The complete listing goes into the output exactly, without its pictures.

Supplied information:
=-=-=
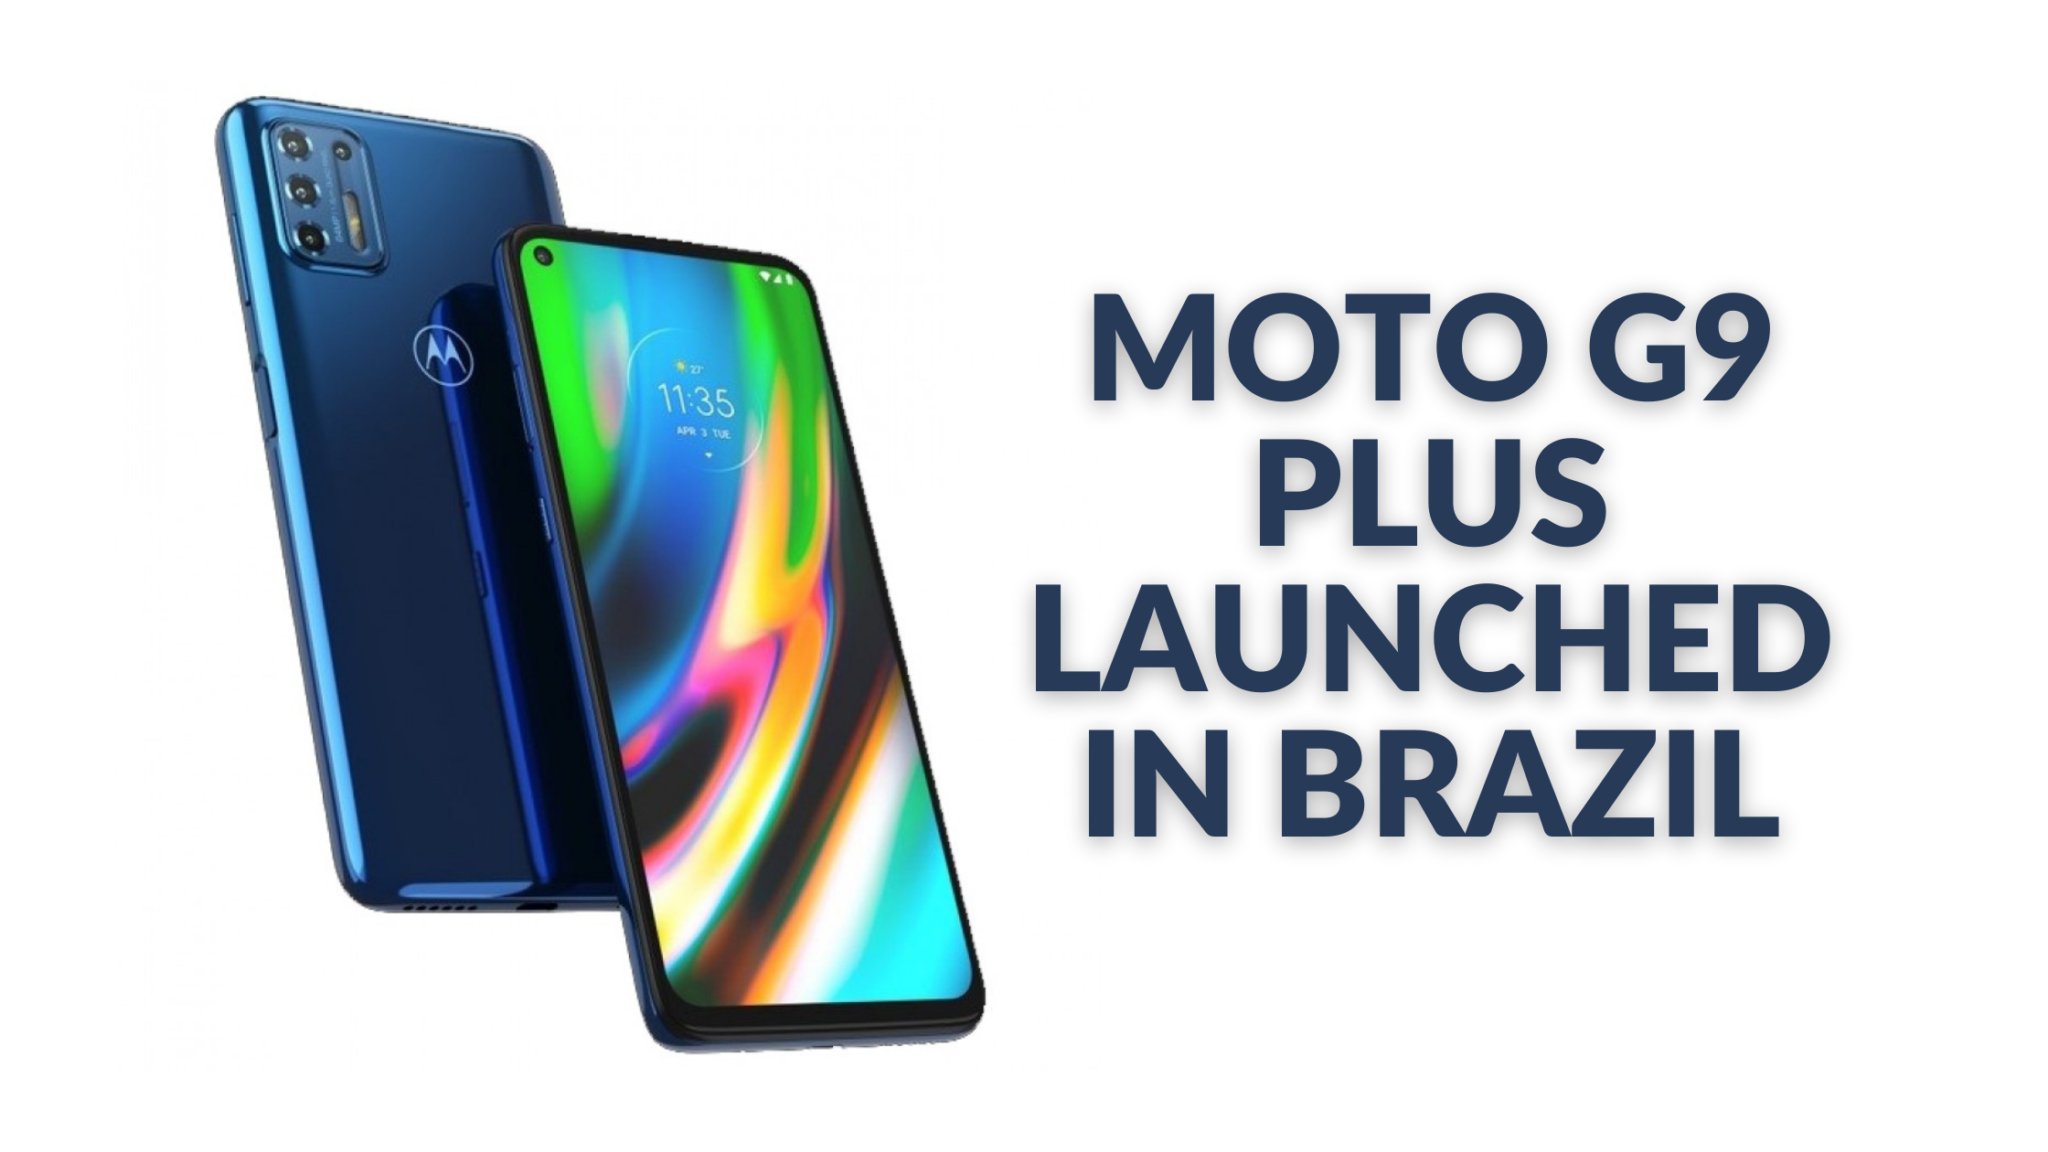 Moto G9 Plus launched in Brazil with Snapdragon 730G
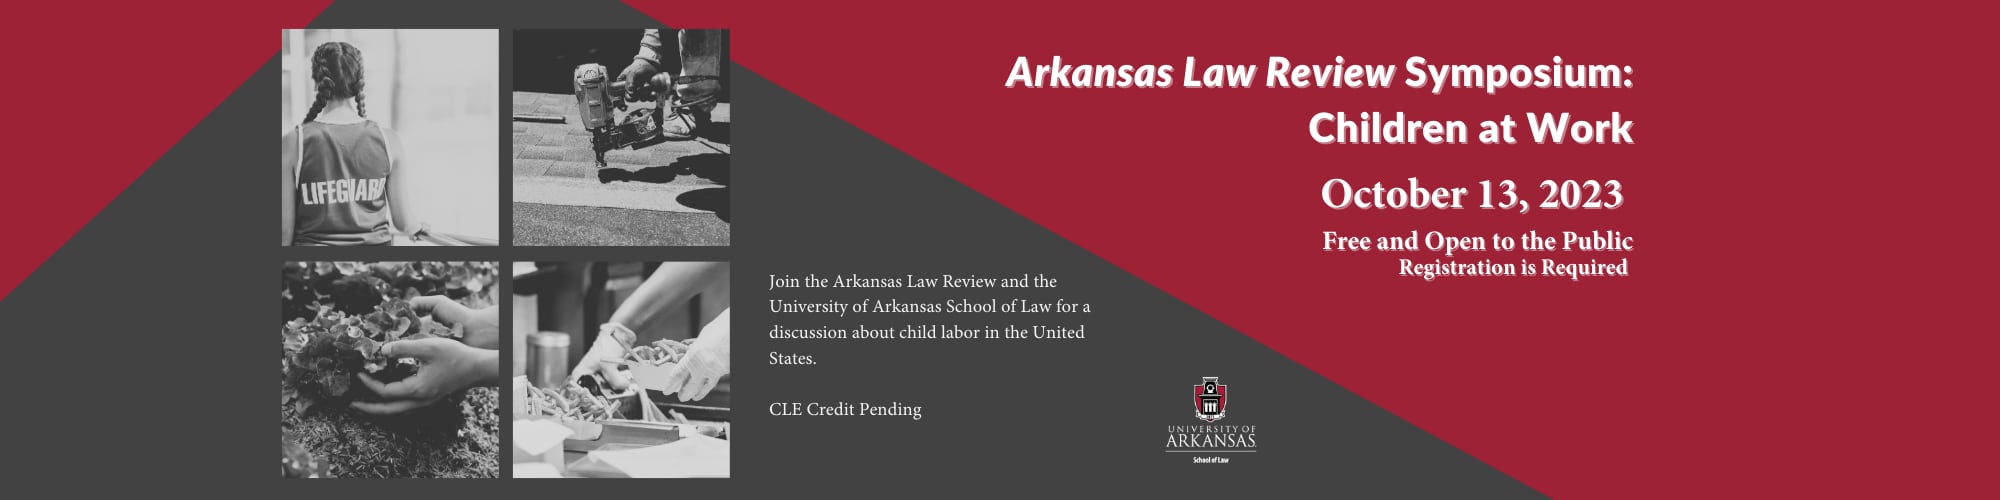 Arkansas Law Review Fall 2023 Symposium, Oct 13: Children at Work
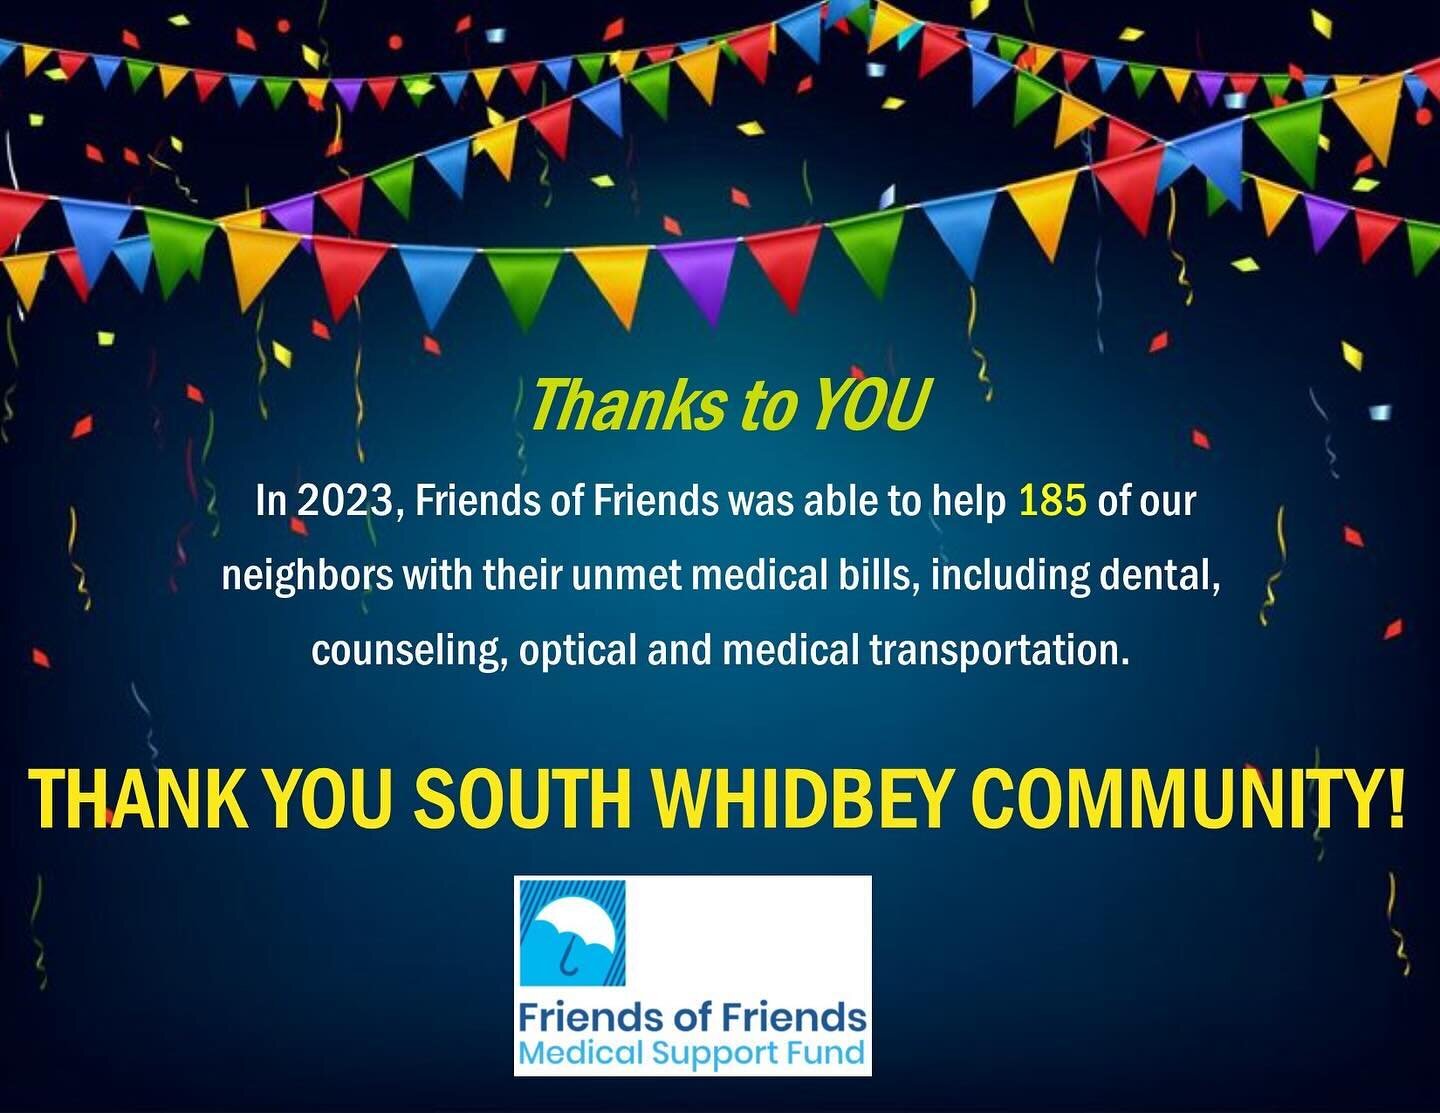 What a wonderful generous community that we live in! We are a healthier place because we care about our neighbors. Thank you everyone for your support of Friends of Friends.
=-=-=
Answer to this problem:
 Moto G9 Plus launched in Brazil with Snapdragon 730G
 Arkansas Law Review Fall 2023 Symposium, Oct 13: Children at Work
 What a wonderful generous community that we live in! We are a healthier place because we care about our neighbors. Thank you everyone for your support of Friends of Friends.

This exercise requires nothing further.